I tried and tried and tried so many times to make this work,
It works with regular login but not LUKS, in that case it still asks for password on login
One weird thing is for some reason I do not have the “pam_systemd_loadkey.so” file on my computer
Attempted many solutions, I am honestly starting to get mad
This is my full report on all the thing I tried :
PAM config to unlock KWallet on login
To automatically unlock KWallet on login, you need to edit the PAM configuration file for your login manager. The password for your user account and KWallet must match for this to work.
The changes are safe as the optional flag in both PAM entries means that even if KWallet fails for any reason, it won’t block your login.
Requirements, CF wiki. archlinux .org/title/KDE_Wallet:
- The wallet must be named kdewallet (default name) and must use the standard blowfish encryption. It does not unlock any other wallet(s).
- kwallet-pam is not compatible with GnuPG keys, the KDE Wallet must use the standard blowfish encryption.
- When using autologin, the wallet can only be unlocked if the autologin method saves the password. pam_autologin does, for example.
- It may be needed to remove the default created wallet first, thus removing all stored entries.
- The wallet cannot be unlocked when using a fingerprint reader to login
- If using KDE, one may want to disable Close when last application stops using it in KDE Wallet settings to prevent the wallet from being closed after each usage (Wi-Fi-passphrase unlock, etc.).
Ensure libpam-systemd is installed
# Install the module
sudo apt install systemd signon-kwallet-extension
sudo apt install --reinstall libpam-systemd
echo "> ✅ Installed systemd libpam-systemd signon-kwallet-extension"
echo "Systemd version: $(systemd --version)"
echo "SystemCTL info: $(systemctl --version)"
Add read-write permissions for group sudo
files=(
/etc/pam.d/sddm
/etc/pam.d/sddm-autologin
/etc/pam.d/login
/etc/pam.d/system-login
/etc/pam.d/common-auth
/etc/pam.d/common-session
/etc/pam.d/cryptsetup
/etc/crypttab
/lib/cryptsetup/scripts/kwallet_pass
/etc/initramfs-tools/modules
/etc/systemd/system/sddm.service.d/override.conf
)
for file in "${files[@]}"; do
if [[ -f $file ]]; then
sudo chown :sudo $file
sudo chmod g+rw $file
echo "Added read-write permissions for group sudo to '$file'"
else
echo "File does not exist: '$file'"
fi
done
Enable saving the root password and user password in the systemd keyring:
Enable systemd keyring integration before KWallet authentication
The - means that if pam_systemd_loadkey.so fails for any reason, PAM will continue processing the rest of the authentication stack without treating it as a fatal error.

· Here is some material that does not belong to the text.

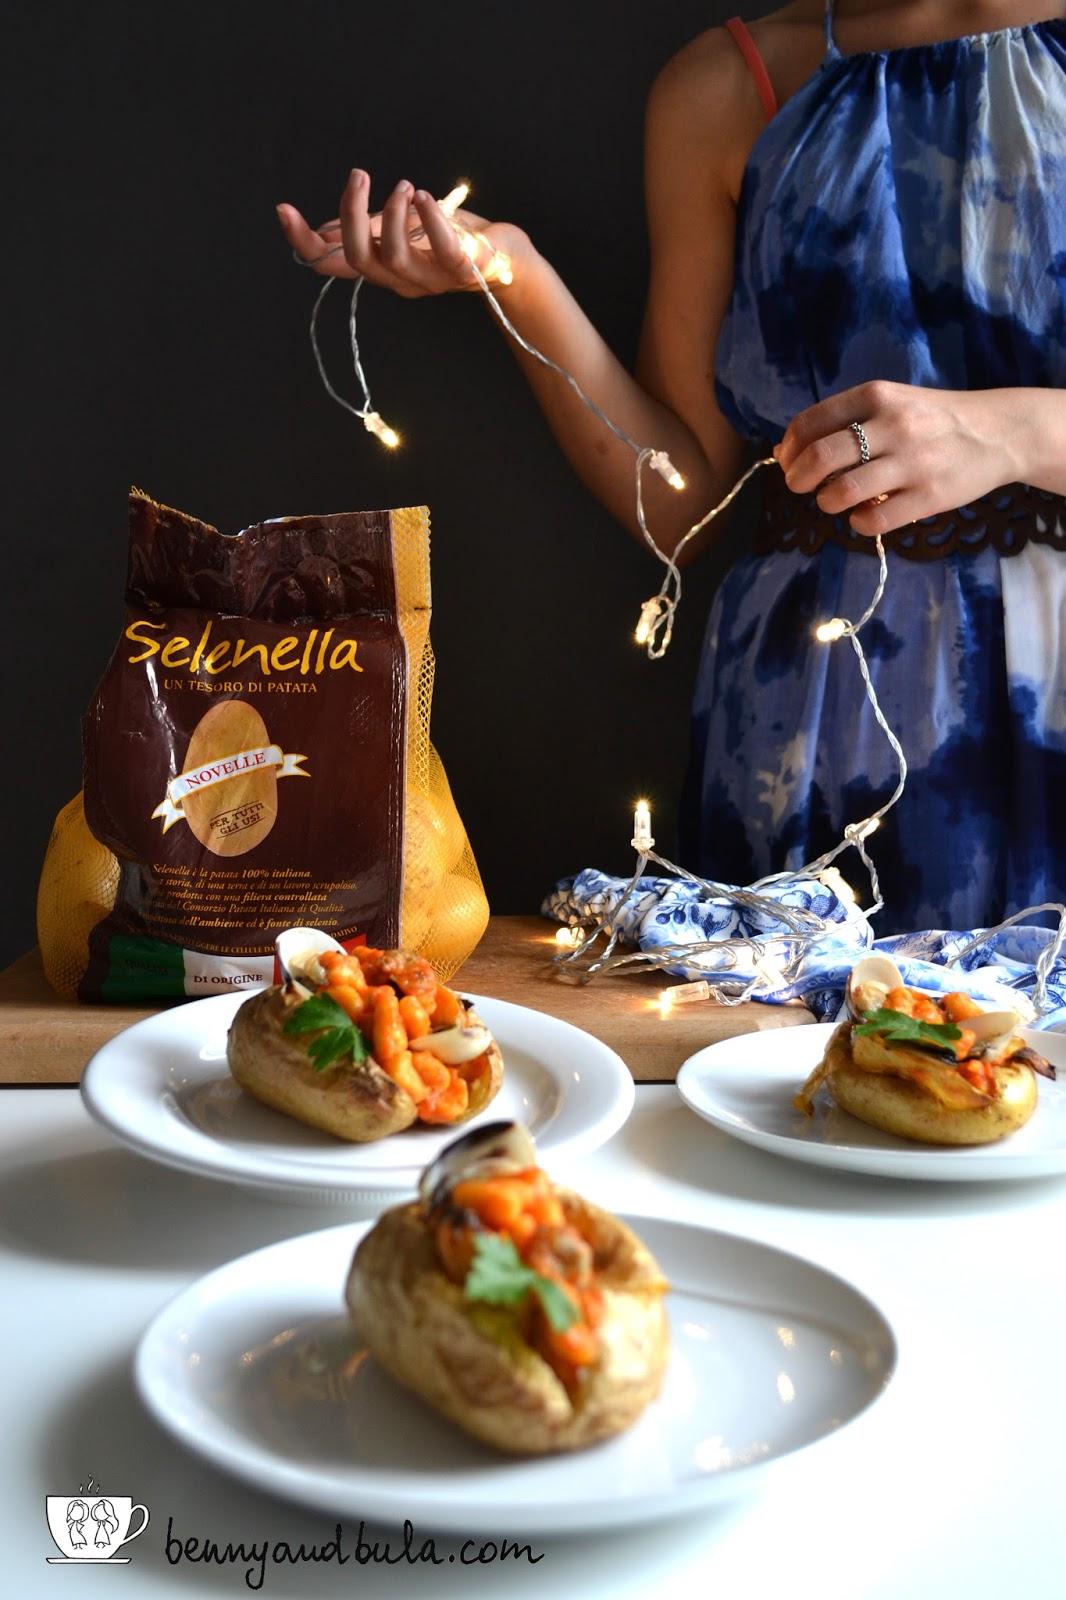 jacket potato con gnocchi di farina di ceci ai frutti di mare senza glutine/ seafood gluten-free

This is different from the optional keyword which specifies that the module is not required for authentication success. The combination of - and optional makes this module extremely forgiving - it won’t fail the stack if the module itself fails, and it’s not required for successful authentication.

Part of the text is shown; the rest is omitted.